This article originally appeared on March 1, 2019 by the San Francisco Chronicle.
Ride-hailing startup Lyft filed for an initial public offering Friday morning, a move that puts the San Francisco company ahead of hometown rival Uber in a closely watched race to Wall Street.
The company had 1.9 million drivers and 30.7 million riders last year, according to its filing with the U.S. Securities and Exchange Commission, the first required disclosure for a sale of stock to the general public.
Lyft recorded $8.1 billion in fares and other payments in 2018 — most of which it paid out to drivers and others. The company doubled its revenue — mostly the commissions it takes on rides — last year to reach $2.2 billion.
Lyft also recorded a loss of $911.3 million last year.
The company’s losses have been climbing over the years, but that isn’t unusual for a company focused on rapid growth, according to Anil Persad, director of technical accounting and transaction services at MorganFranklin Consulting.
“I would expect to see them continue to have losses as the years go by; it may eventually taper down,” Persad said. “But I think any time you think about these early-stage companies and they’re in growth mode, they’re very much willing to make the investments in their business.”
The company also noted that it faced “intense competition” in the ride-hailing industry.
Lyft named Uber, Gett and Via as its main competitors in the market. Jump, which is owned by Uber, Lime and Bird are its main competition in the bike- and scooter-rental market, according to the filing. Lyft said other companies, such as Alphabet’s Waymo and Apple, are investing in autonomous driving technology and could compete with Lyft in the future.
Lyft plans two classes of stock, which gives more voting power to the company’s co-founders, Logan Green and John Zimmer. Green is Lyft’s CEO and Zimmer is president and vice chairman of the board
“(It’s) not as bad as Snap, where the new investors had zero votes per share,” said Matt Kennedy, a senior IPO market strategist at Renaissance Capital, a provider of institutional IPO research.
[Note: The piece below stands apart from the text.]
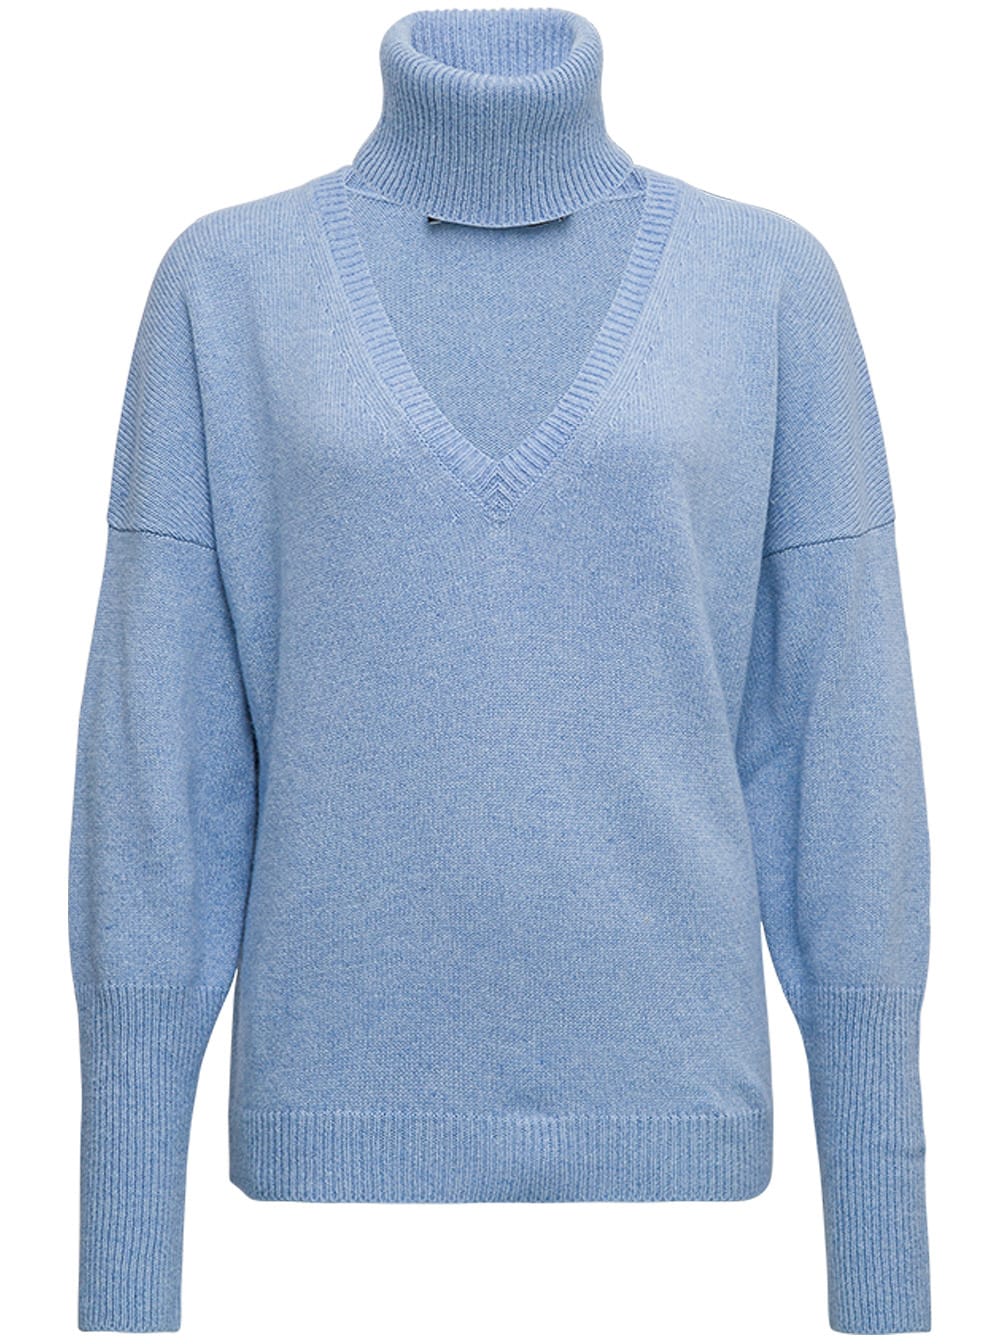 Federica Tosi Light Blue Wool And Cashmere Sweater With High Neck
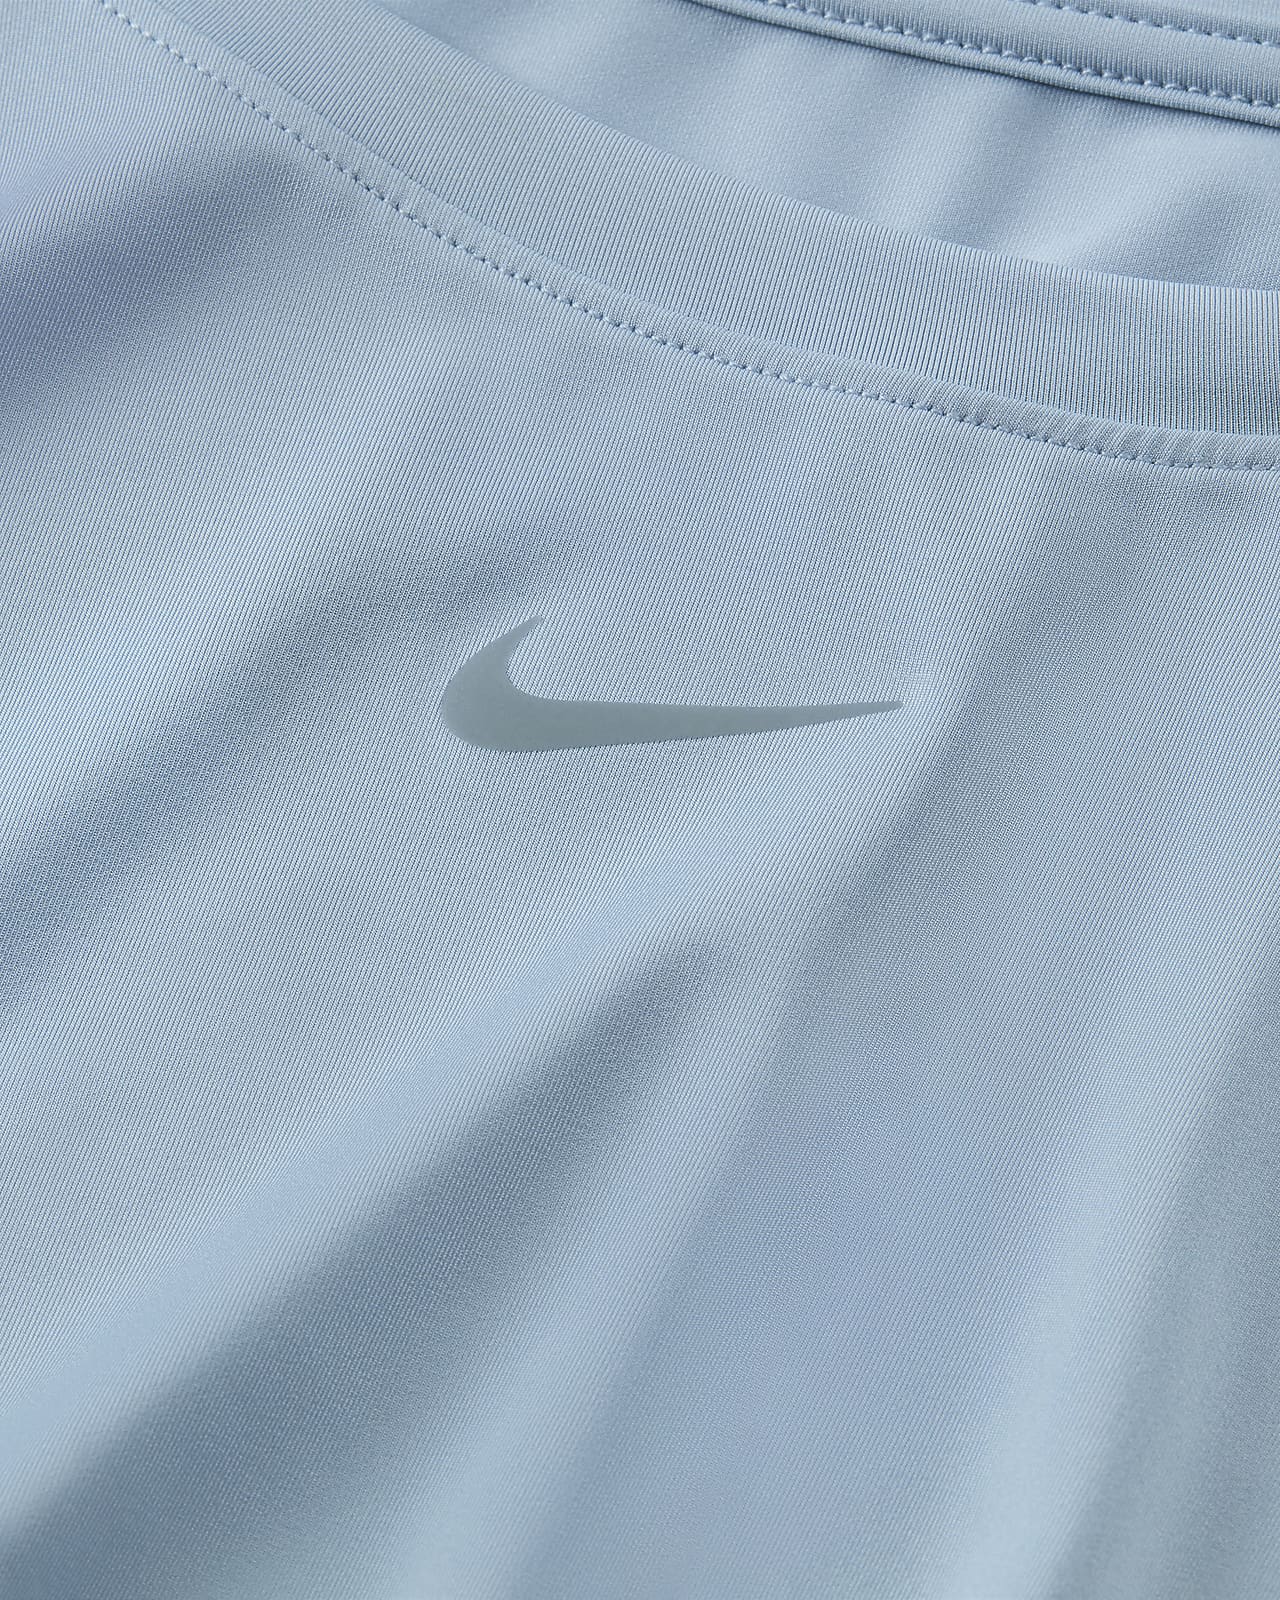 Embroidered Womens Nike One Luxe Dri-FIT Long Sleeve Standard Fit

In Lyft’s case, Green and Zimmer would get 20 votes per share, while new investors would get one vote.
“The risk is that if these co-founders have missteps or a vision that doesn’t align with investors’ interests, then public investors have no recourse,” Kennedy said. The co-founders “are able to control the board, or at least have a highly outsized vote.”
Uber also is expected to go public this year. Lyft’s filing on Friday gives Uber significant insight into Lyft’s operations, Kennedy said, but it also gives itself plenty of attention as the first tech unicorn since October and the first “decacorn” — a private company valued by investors at more than $10 billion — in about a year to file for an IPO. Lyft was last valued at $15 billion.
“If they’d waited until Uber had gone public I think they would have gotten a lot of attention, but … it would’ve been like a smaller Uber,” Kennedy said. “But I think by going first I think every IPO investor is going to be looking at this company and (Lyft) can set the narrative … before Uber has anything to say about it.”
Lyft did not respond to a request for comment.